*TASK OBJECTIVE*:
In your copy of the data, include no pictures and alter nothing else.

*DATASET CONTENT*:
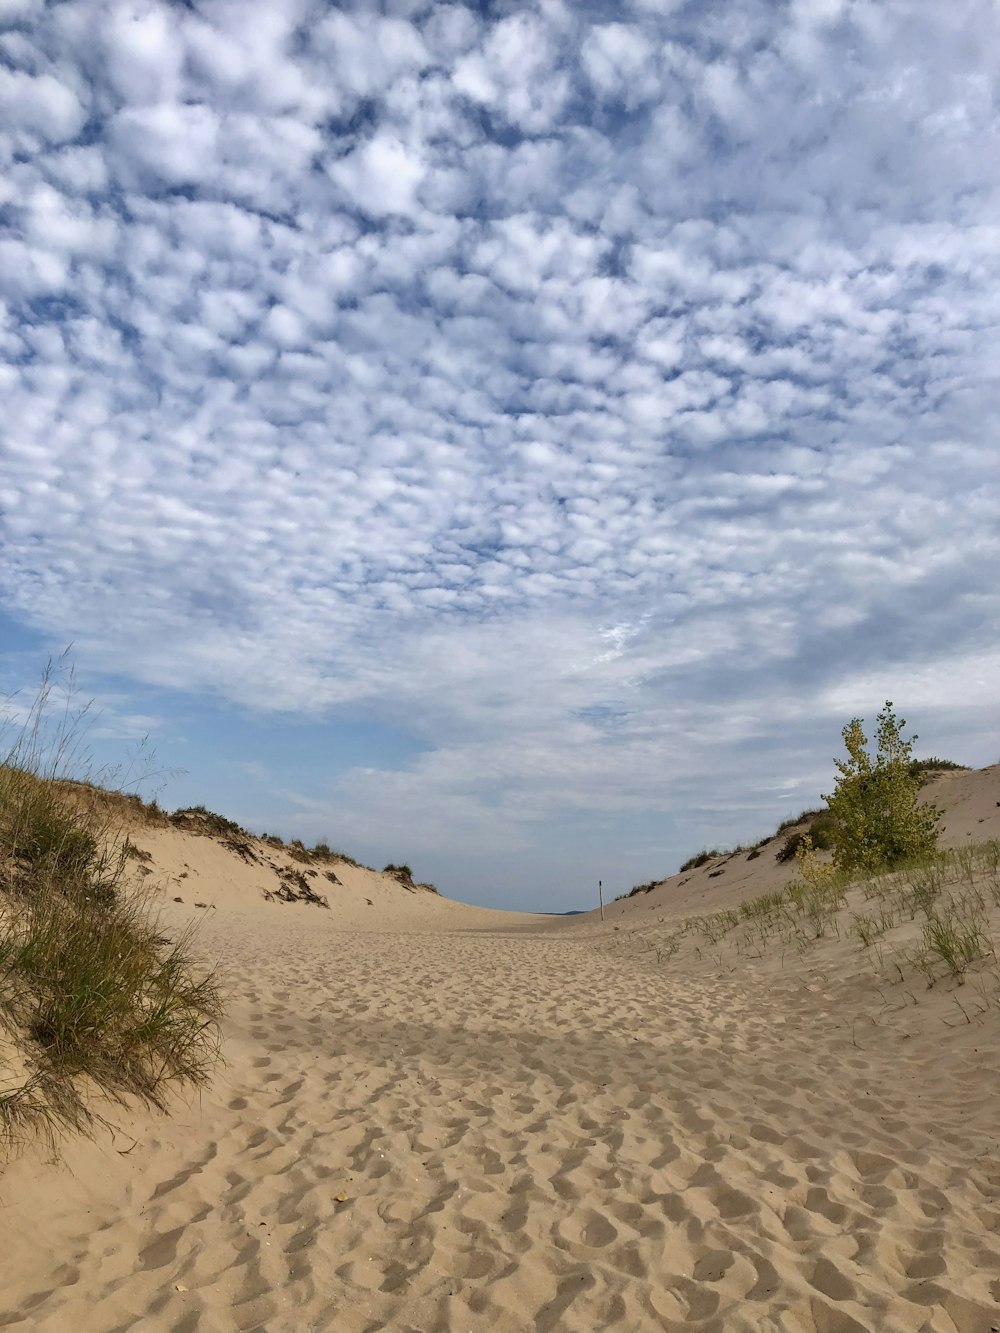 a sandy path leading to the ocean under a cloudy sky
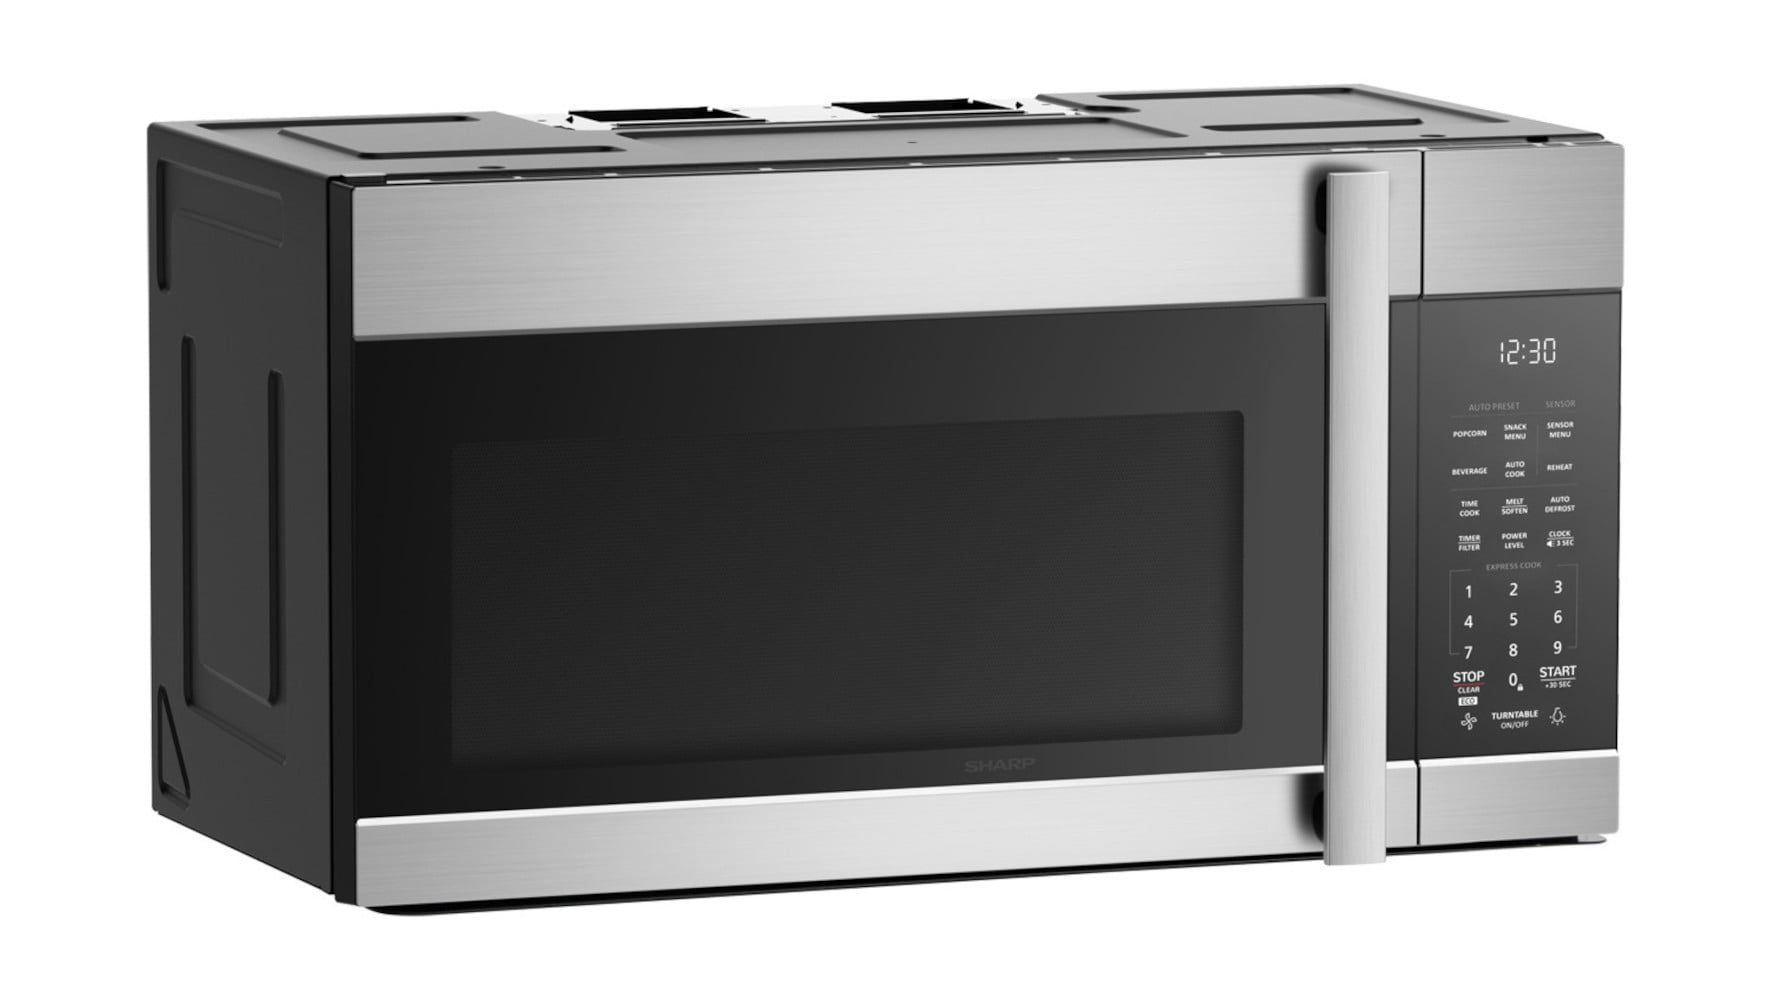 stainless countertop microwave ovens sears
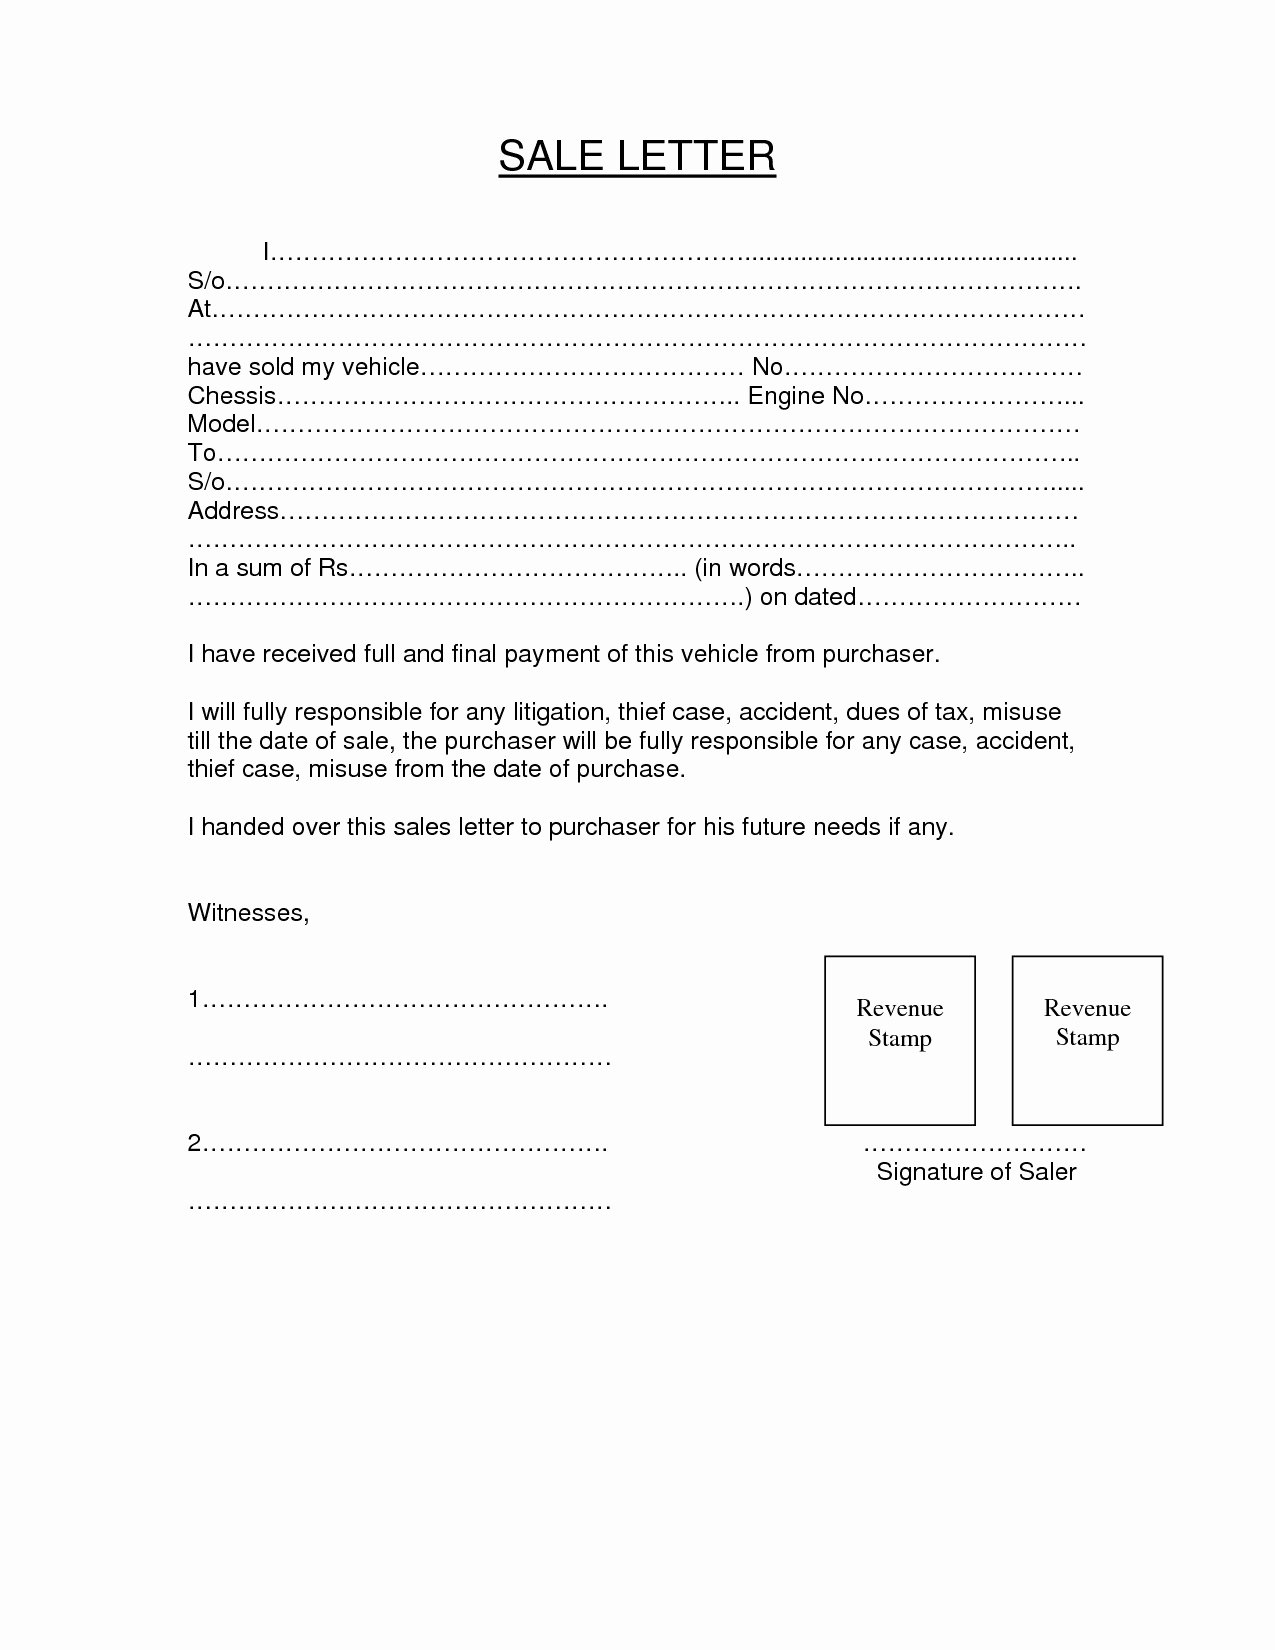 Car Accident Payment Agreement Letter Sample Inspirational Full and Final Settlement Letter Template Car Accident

*FINAL ANSWER*:
 a sandy path leading to the ocean under a cloudy sky
 stainless countertop microwave ovens sears
 Car Accident Payment Agreement Letter Sample Inspirational Full and Final Settlement Letter Template Car Accident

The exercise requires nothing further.